For Fairphone they list the kernel of FP3 (4.9), FP4 (4.19) and FP5 (5.4) in figures 11+12
We analyze devices from 2018 to 2023 using
Android versions 9 to 14 and kernels ranging from v3.10 to
v6.1. In total, we analyze 994 device firmwares and 1533
Android kernel source codes. Our results suggest that the
level of security that is actually reached is severely lacking
compared to the mainline Android kernel.
I haven’t read the research paper in detail, but by simple logic I would think, if Fairphone comes up last with the lowest score, the probability is rather high that they are amongst those companies that have not enabled all the security defenses which come at a performance cost (at least not on all models).
Or looking at it from the other way round, how would Fairphone come up last, when they have enabled all performance related defenses? By not enabling the defenses without the performance penalty. Which to me sounds rather absurd. Sure, from the outside I can’t rule this out as one possibility.
But of course you are right, we don’t know the exact loss of performance the individual configs would cause on any given device.

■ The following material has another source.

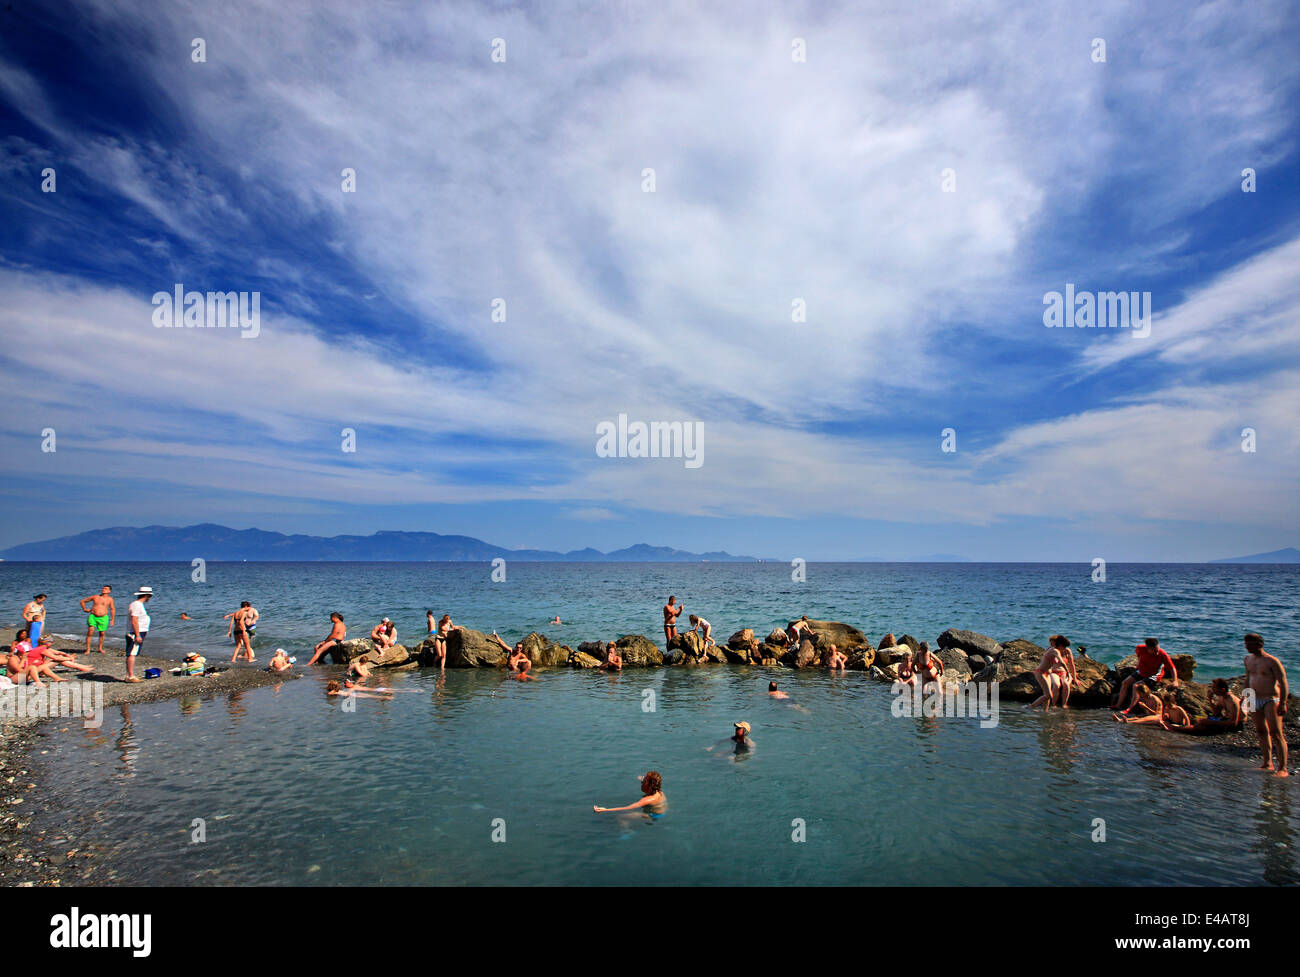 Enjoying a natural spa at the thermal springs of Therma (or 'Empros Thermes') beach, Kos island, Dodecanese, Greece. Stock Photo

Just as an example: on desktop computers the mitigations in software to make the hardware bug called Spectre unexploitable resulted in 2–14 percent drops in benchmarks on then current hardware with the hint that older computers suffered more.
Always? I just want things to be factual. When we have to assume the results of a publication, then we might be wrong in the details.
They mention Fairphone, but they don’t expand on their results specifically.
There is a difference between kernel versions and compile and run-time flags. Having version X doesn’t mean you actually have feature Y enabled.
I get the reasoning. And it’s likely the case. As I mentioned, I didn’t read the PDF. From what I did see when they mentioned FP they don’t share details. I can also not say “this kind of research would never pass on my university”, because again, I didn’t read it But when we have to assume the results and conclusions of a research, it’s not great writing IMHO.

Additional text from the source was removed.